Odessa-born Christine Shevchenko, a principal dancer with American Ballet Theater who will also dance Giselle in Washington, spent time at the conservatory last year. “It was a bit overwhelming,” she said, “but at the same time, as soon as I started rehearsals, I felt like I was pretty much at home. I had this feeling of happiness that I was there with these people from my country who are like me, standing with them.
And then there were the children. Several of the dancers had arrived in The Hague with children who played in the hallways while their parents rehearsed. Matvei, then 7, the son of Volodymyr Tkachenko, who gives company lessons a few times a week, seemed to be everywhere at once, including at rehearsals and on stage with the dancers.
Now Matvei and the other children go to school in The Hague. “He goes to school, then after school we play football, do homework and spend time together,” Tkachenko said. “I think he’s happy.”
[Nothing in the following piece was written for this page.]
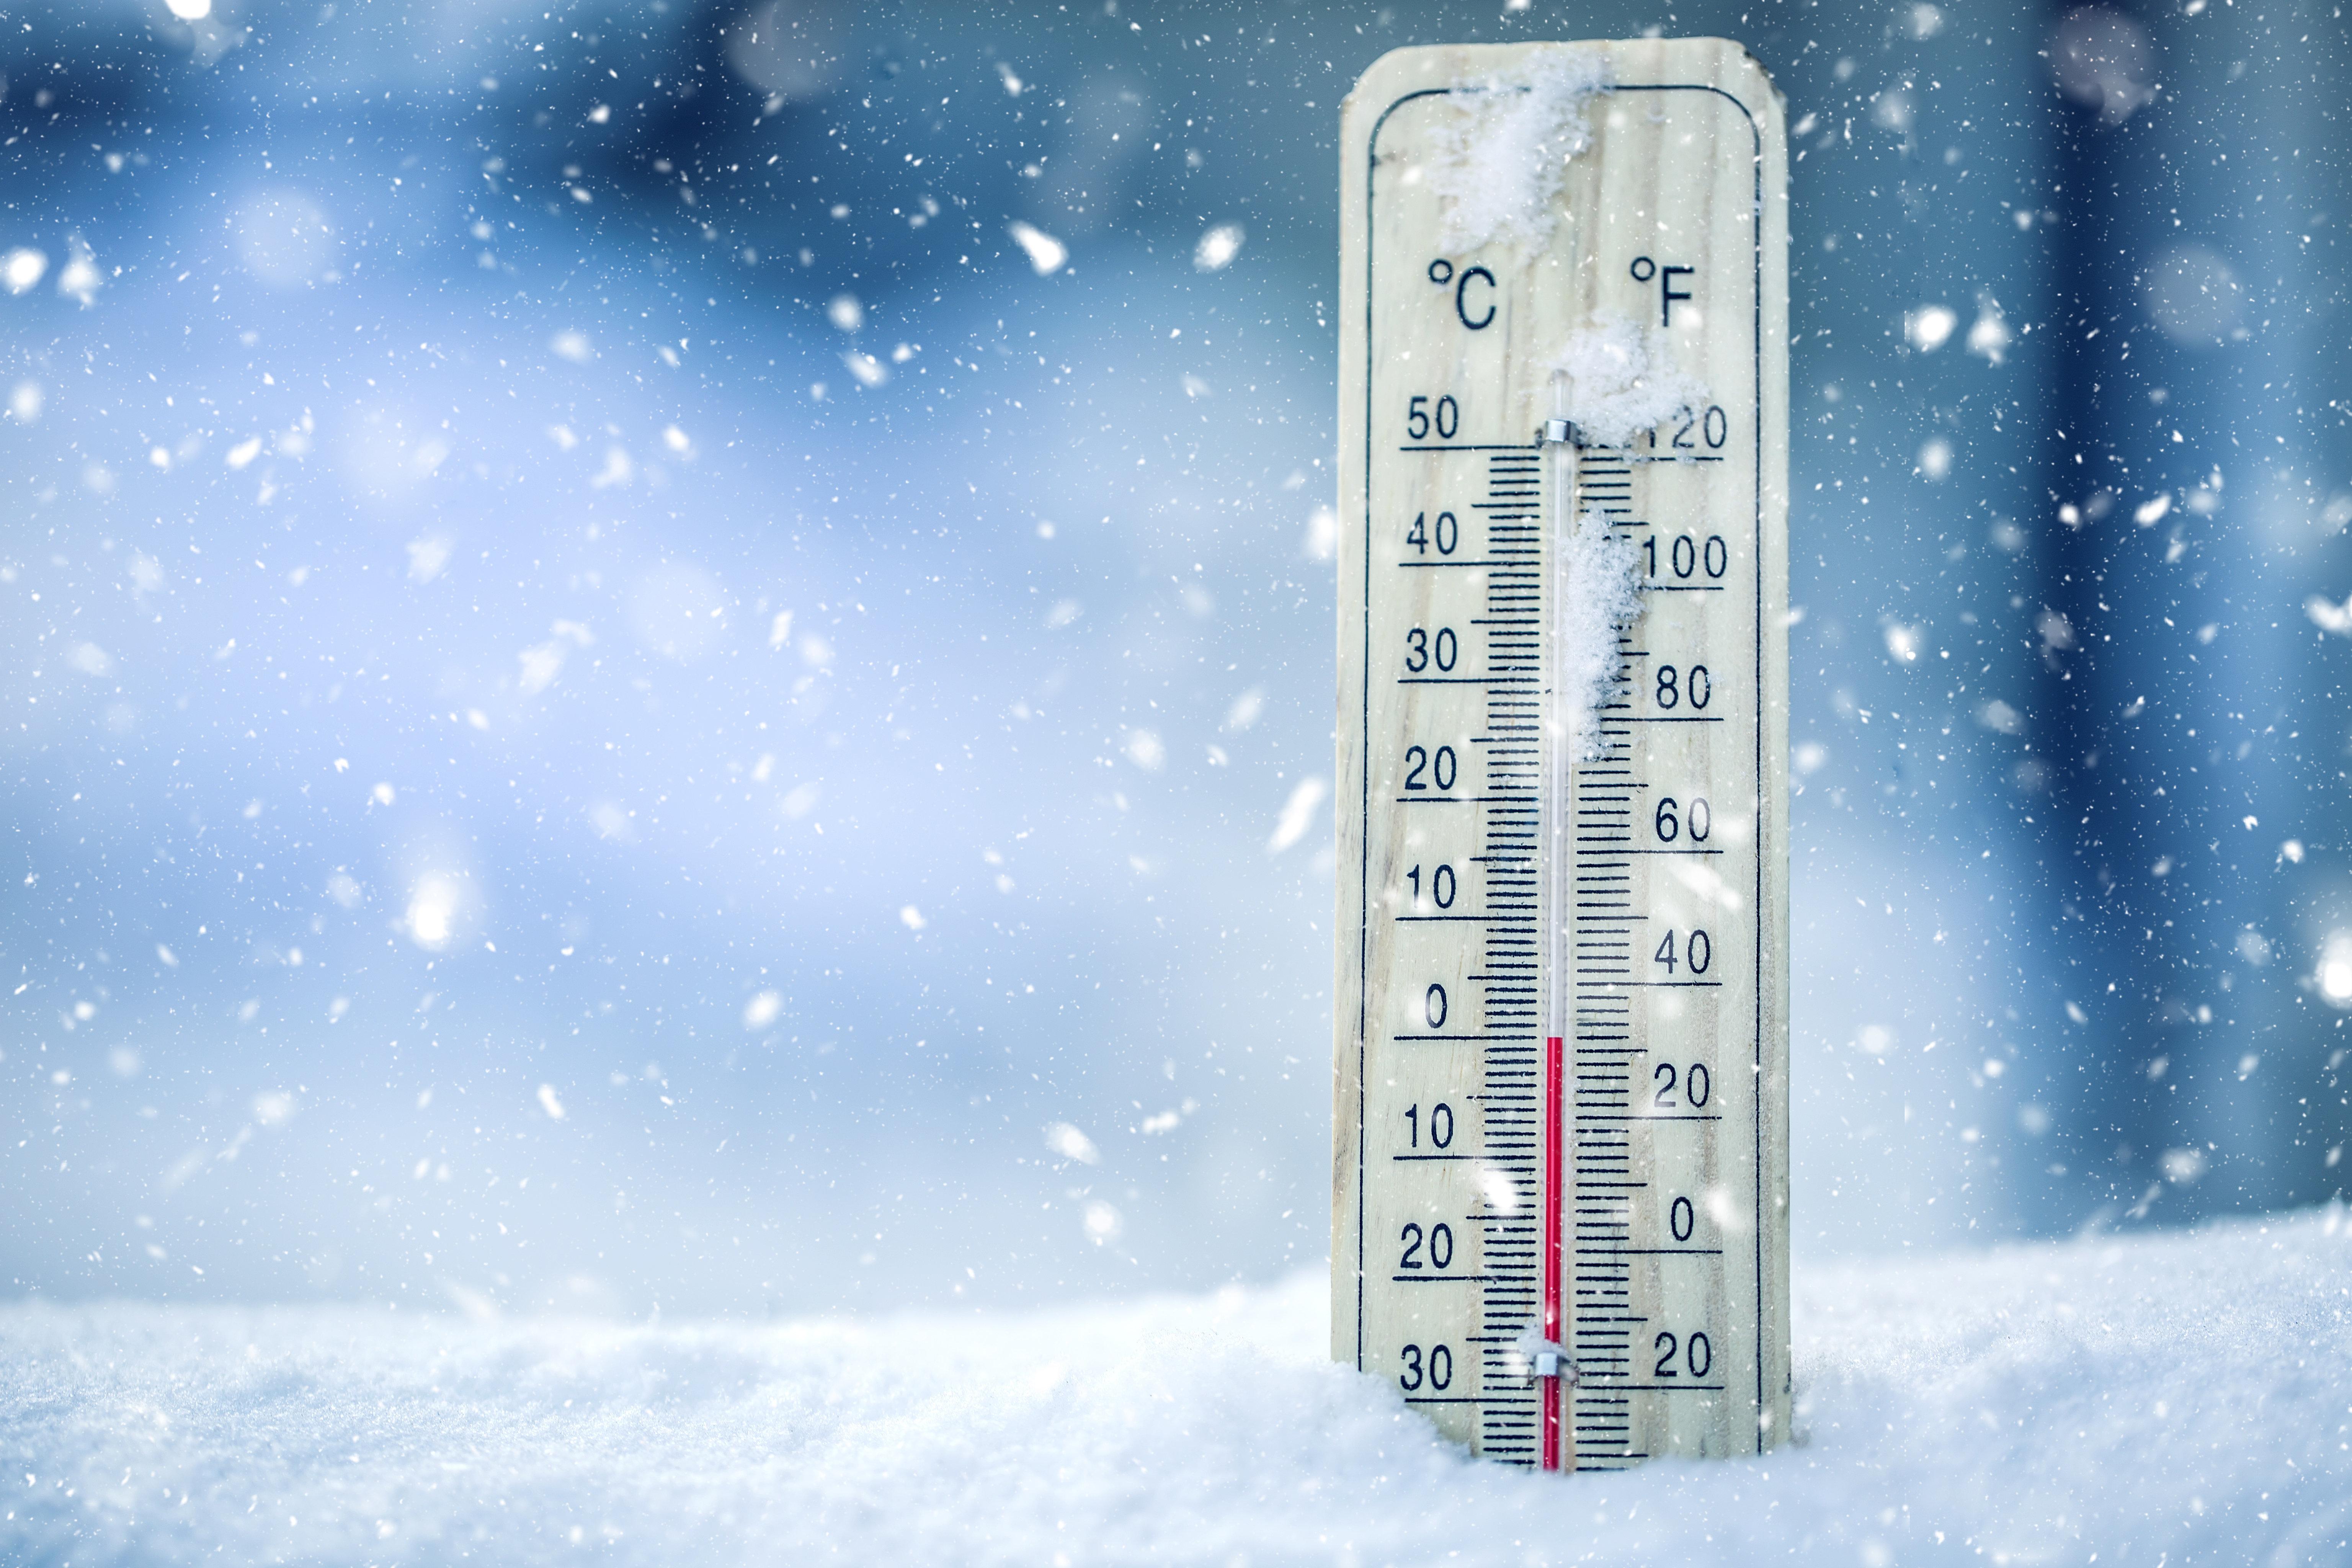 Retour du grand froid: Des températures négatives enregistrées dans 6

Like the others, Tkachenko expressed his gratitude that he and his son were safe, that they had been warmly welcomed by the people of The Hague, and that he was working. And like all of them, he worries about his relatives and friends back home, including his parents, whose home was destroyed by a missile last year but who refuse to leave.
When asked what his hopes were, Tkachenko replied: “I don’t think about tomorrow. I think of today.
Performances and tours, such as the shows in Washington, give meaning to the daily rituals of dancing life. “The world shouldn’t get used to this war,” Novikova said. “We must remind everyone in the world that we are a peaceful nation, that we have our culture and that we deserve the right to exist. Nobody deserves to be killed for that.”